Suppose $X$ is a matrix, I want to prove \begin{align} \partial_{\mu} \exp[X] = \int_{0}^{1} d \alpha \exp[\alpha X] \partial_{\mu}{X} \exp[(1-\alpha)X] \end{align} One naive guess is using the BCH formula and switching the order of $\partial_{\mu} X \exp[(1-\alpha)X]$, but I am not sure how $\alpha$ integrations are done and eventually disappear.

Answer 1

By writing

$$\exp[X] = \lim_{N\to\infty}\left(1+\frac{X}{N}\right)^N \;\; ,$$

we can express $\partial_{\mu} \exp[X]$ as follows

$$ \partial_{\mu} \exp[X] = \lim_{N\to\infty}\sum_{k=1}^{N}\left(1+\frac{X}{N}\right)^{k-1}\frac{\partial_{\mu}X}{N}\left(1+\frac{X}{N}\right)^{N-k} \;\; .$$

Note that this has to be further formally justified because I switched the limit and the derivative. I'll leave that aside.

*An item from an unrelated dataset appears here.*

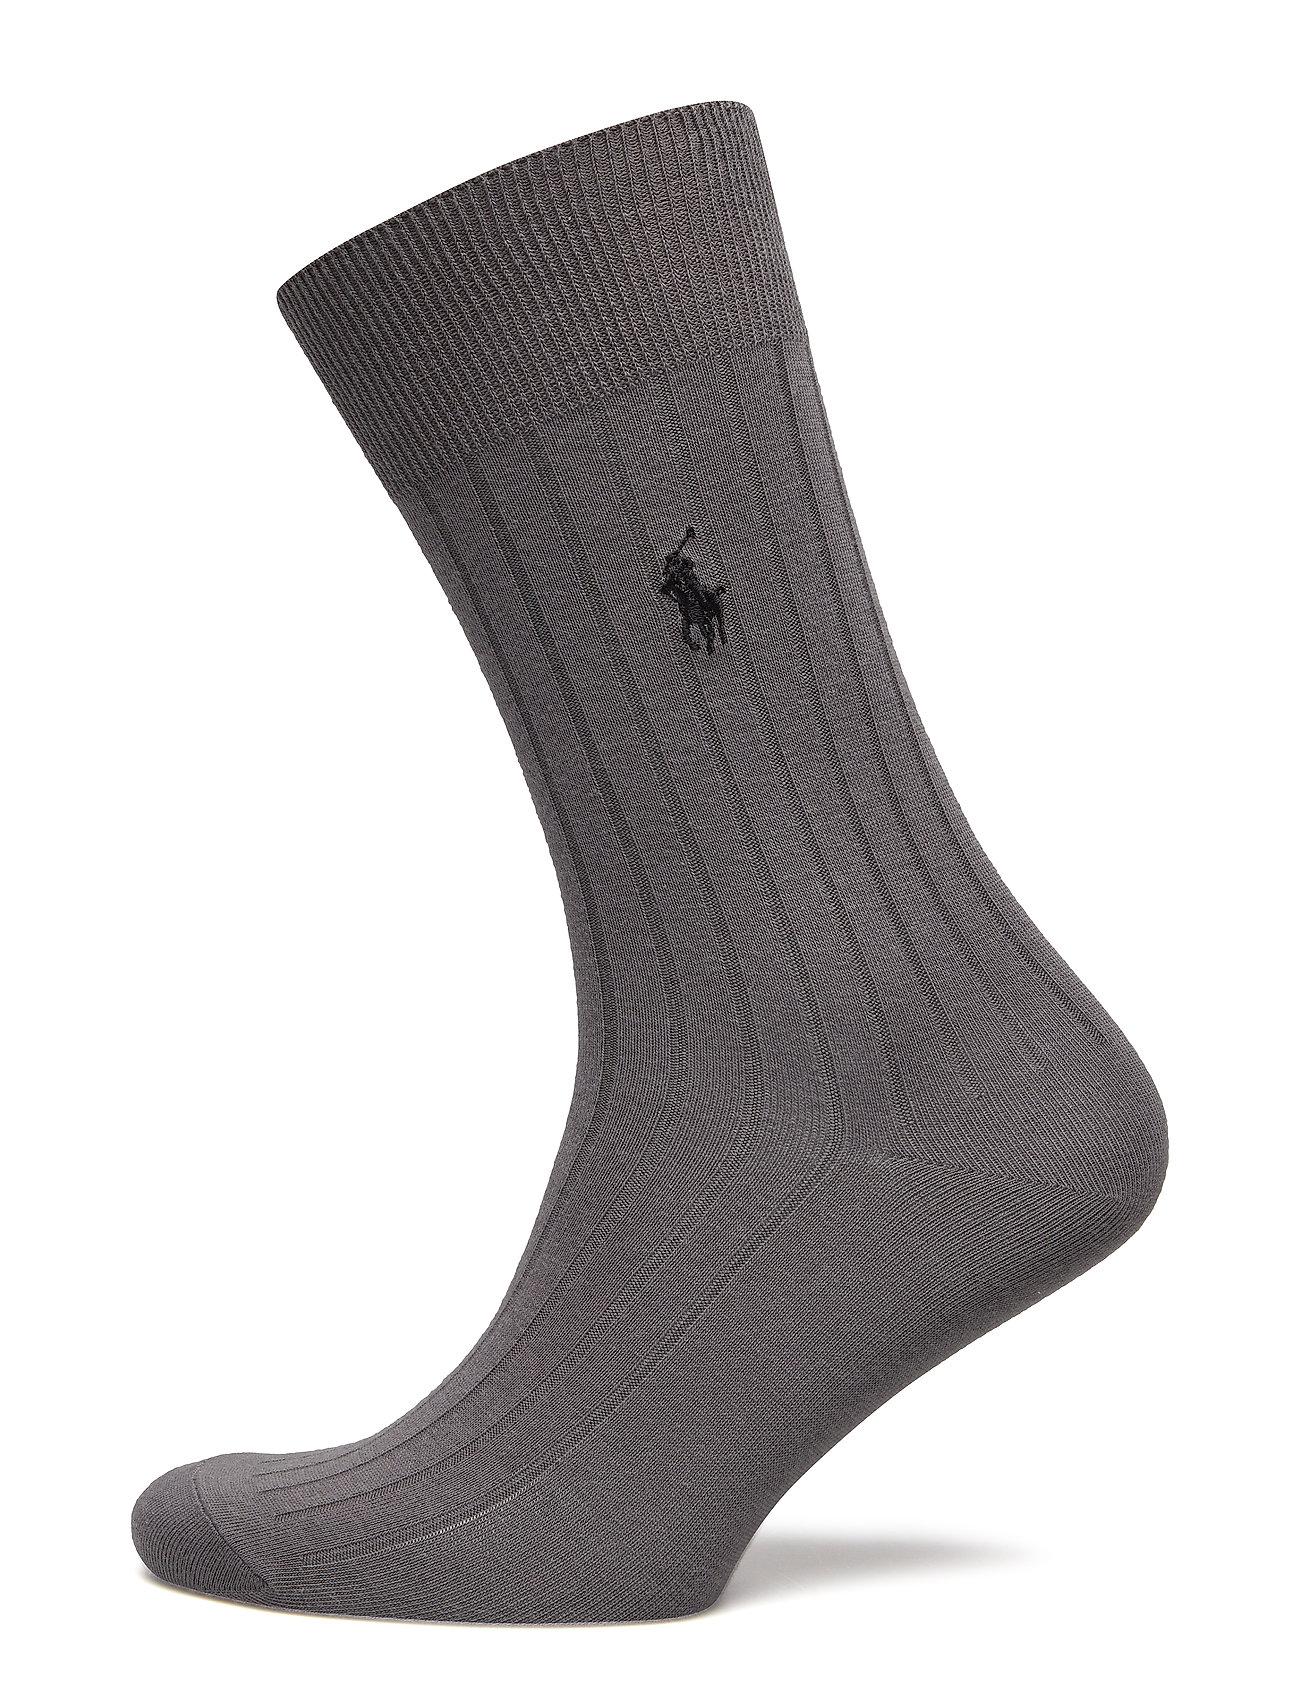 Polo Ralph Lauren Egyptian Cotton Trouser Socks - CHARCOAL HEATHER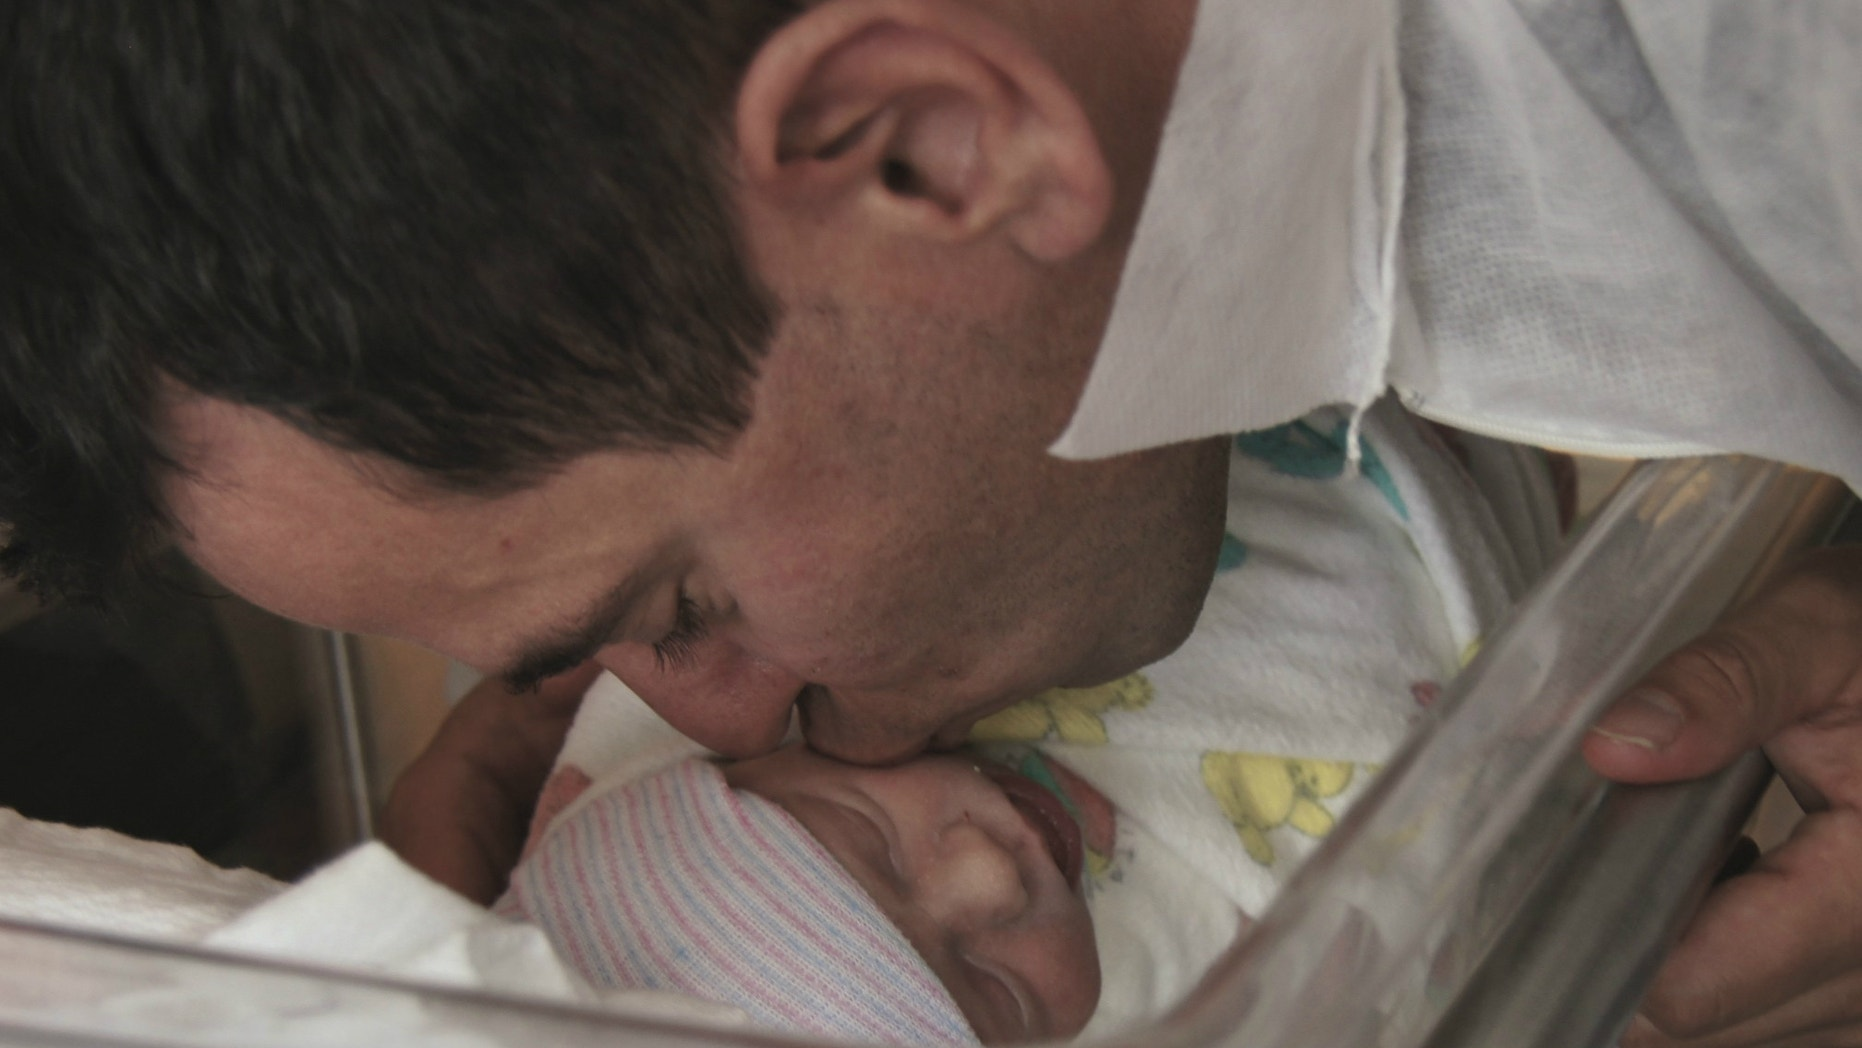 Brian Lande and his newborn son.

Then, rearranging a bit we can write

$$ \partial_{\mu} \exp[X] = \lim_{N\to\infty}\sum_{k=1}^{N}\left[\left(1+\frac{X}{N}\right)^N\right]^{\frac{k-1}{N}}\partial_{\mu}X\left[\left(1+\frac{X}{N}\right)^N\right]^{1-\frac{k}{N}}{\frac{1}{N}} \;\; .$$

In the limit, this becomes an integral, $k/N \to \alpha$, $1/N \to d\alpha$. Thus,

\begin{align} \partial_{\mu} \exp[X] = \int_{0}^{1} d \alpha \exp[\alpha X] \partial_{\mu}{X} \exp[(1-\alpha)X] \;\; . \end{align}

You can find a slightly different approach in Feynman.